Making money in that business with competition from Microsoft on one side and free software on the other must be so difficult. I never try to second-guess the pricing decisions of these firms. Microsoft can decide to lose money on langauages, because languages make the OS business possible. They give away dotnet to anyone who will commit to develop products for it. Last I heard they had over 100 people creating and maintaining one of their language products.
Do the math. It takes 10 to 200 people to keep one of these full-reatured IDE products in good shape. You need about $500k of revenue each year per employee to make this work. It's a dismal business. If selling to corporations at high prices is the only way Borland can see, I'm not anyone to say that I know better.
The Microsoft VS C# guy started about 15 minutes late, since he couldn't figure out how to increase the font size in his IDE so that the audience could read the screens that he was demoing. He gave up on that. So, we couldn't read his screen too well, but it was no loss. He didn't get very much to work. He did show us screen after screen of inscrutable WSDL automatically generated for us, but he never got it to do 1/10th as much as the Borland guy accomplished in roughly the same time.
Maybe it would be premature to buy Borland's product based on just those two demos, but you'd have to be religiously insane to buy Microsoft's on the same evidence.
Fortunately, software doesn't always require big financing. But if you want to do a 12 mo. $250k project and live on nothing while waiting to finish it, and hoping to finish it, and hoping to get paid, that's not something that many want to try.

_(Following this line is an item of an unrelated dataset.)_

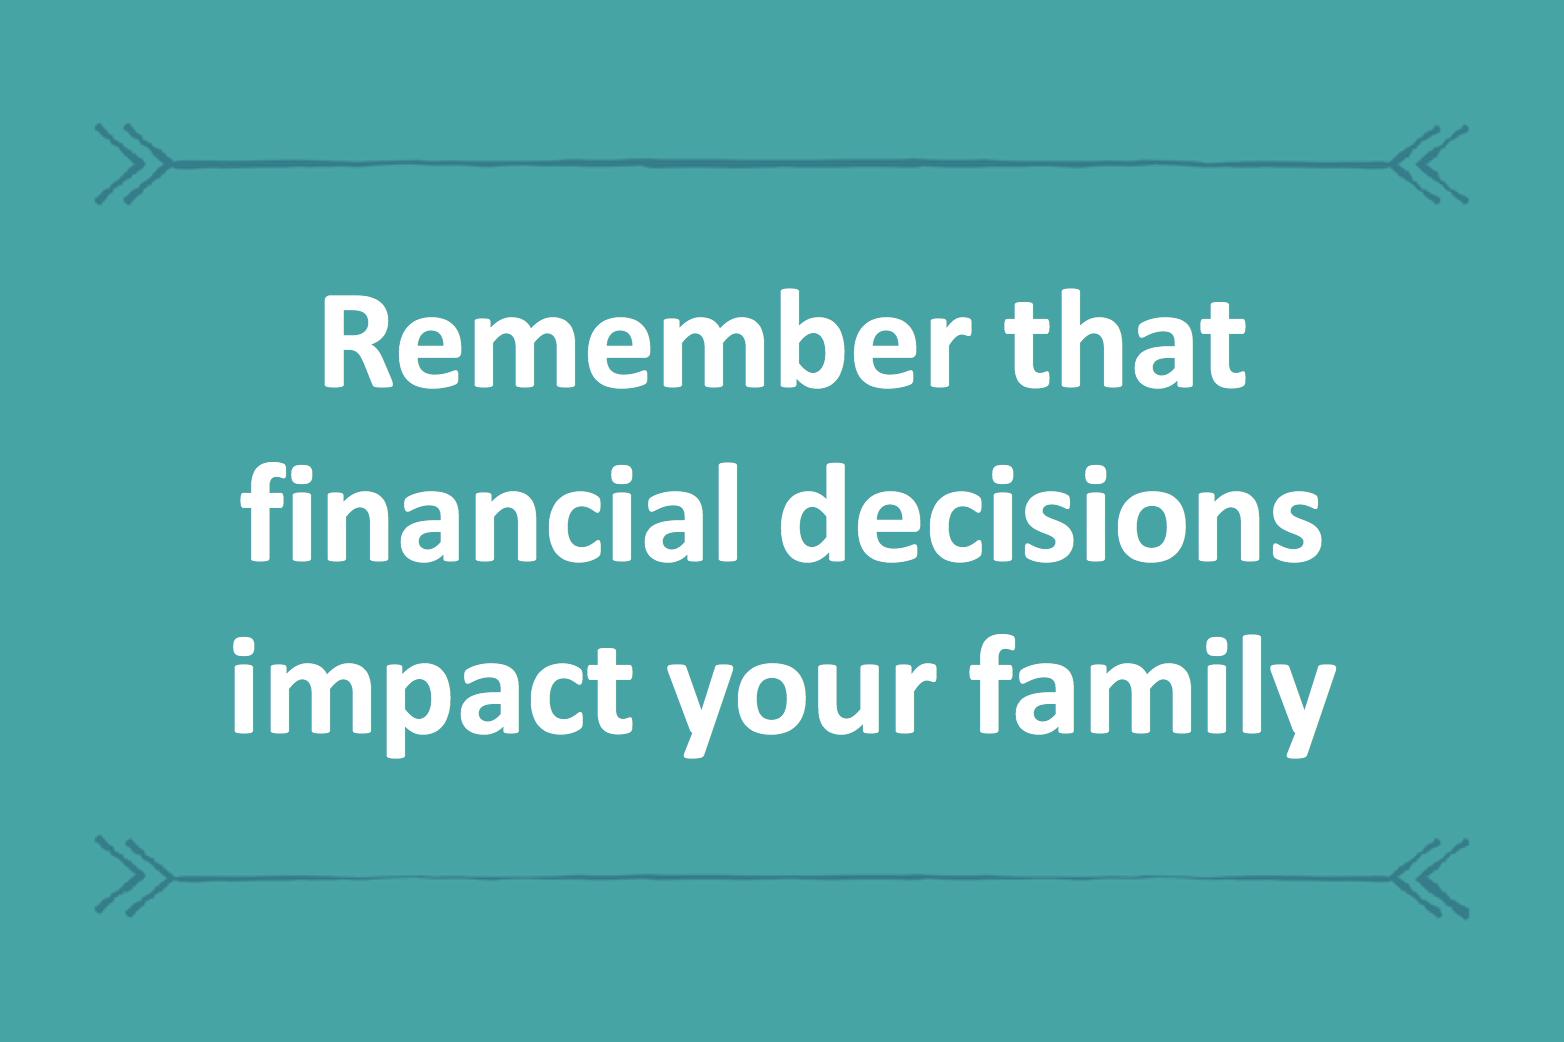 Family financials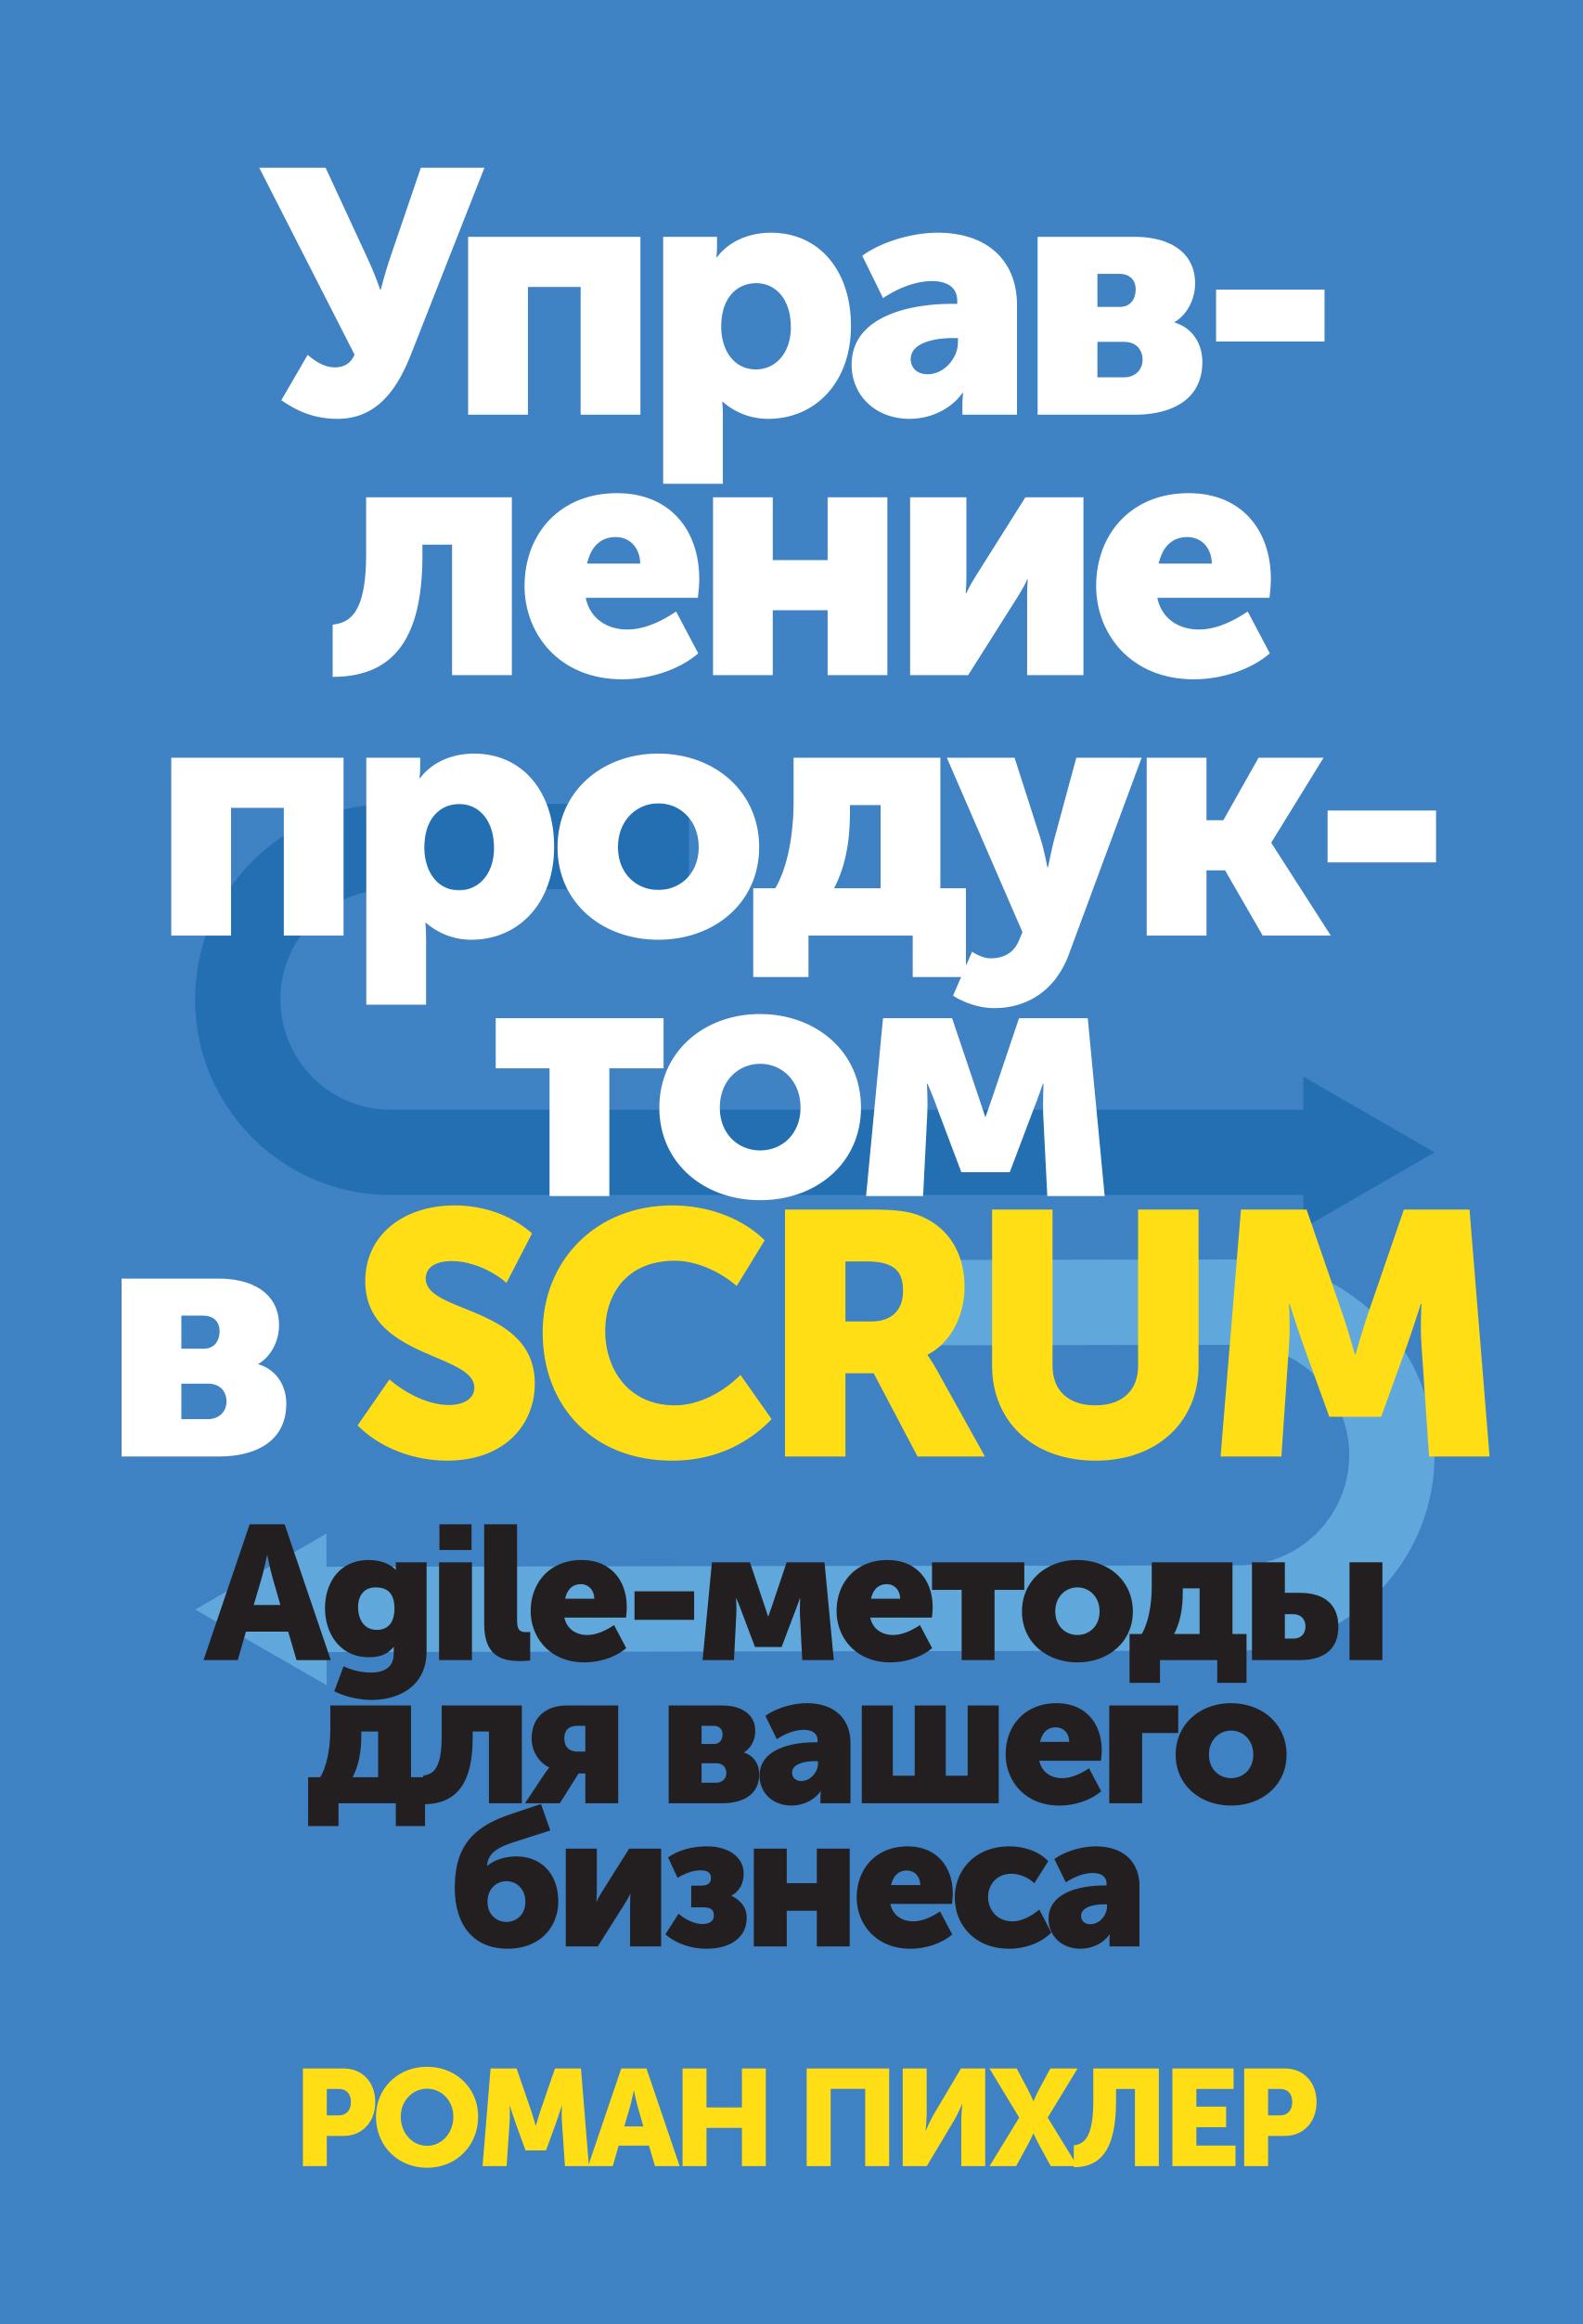 Пихлер Р. Управление продуктом в Scrum. Agile-методы для вашего бизнеса майк олдфилд mike oldfield tubular bells ii lp

You got it. Back around 1920 there were 300 automakers in Indiana alone. Now there are just as many lone coders heading the same way. Featuritis is a real killer. You can't hardly just write a good app anymore. It's got to run on umpteen incompatible versions of the OS, import and export every conceiable data format, run as a service, call home for updates, show a professional video to teach fools how to run it, look good with over 100 possible combinations screen and font size, have a secure free demo, be both extremely innovative while conforming to standards 100%, be web enabled, etc, etc.
1. Marketing costs are high and price per unit that users are willing to pay are not high. Unless you've got way into six figures to for advertising and marketing, forget about getting your sales out of two figures.
2. This means that you've got to sell high-priced apps. And the best shot at these would be business-specific custom or semi-custom apps for medium-sized companies (big companies have IT shops to write their own custom apps). I used to do pretty well at that sort of thing. Unfoturnately, medium-sized businesses usually by now have some fool who can do just about as good with Excel or Access as you can do with whatever you lone code with. So why wouldn't they let their in-house code monkey enjoy a little job enrichment by writing the app instead of paying you thousands of dollars to write it?
3. Computers are everywhere now, and everyone knows of their risks. Few companies will trust a lone coder with anything important because of all the computer risks associated with 1-man project.
There are still a few that do it, but most of the ones who I've known to be successful in the past are moved on now.
The time since the Mediterranean flooded last is measured in megayears, not kiloyears. All he's got is sonar, and it's pretty easy to interpret unusual formations as signs of civilization. Take the interstate highways, for example.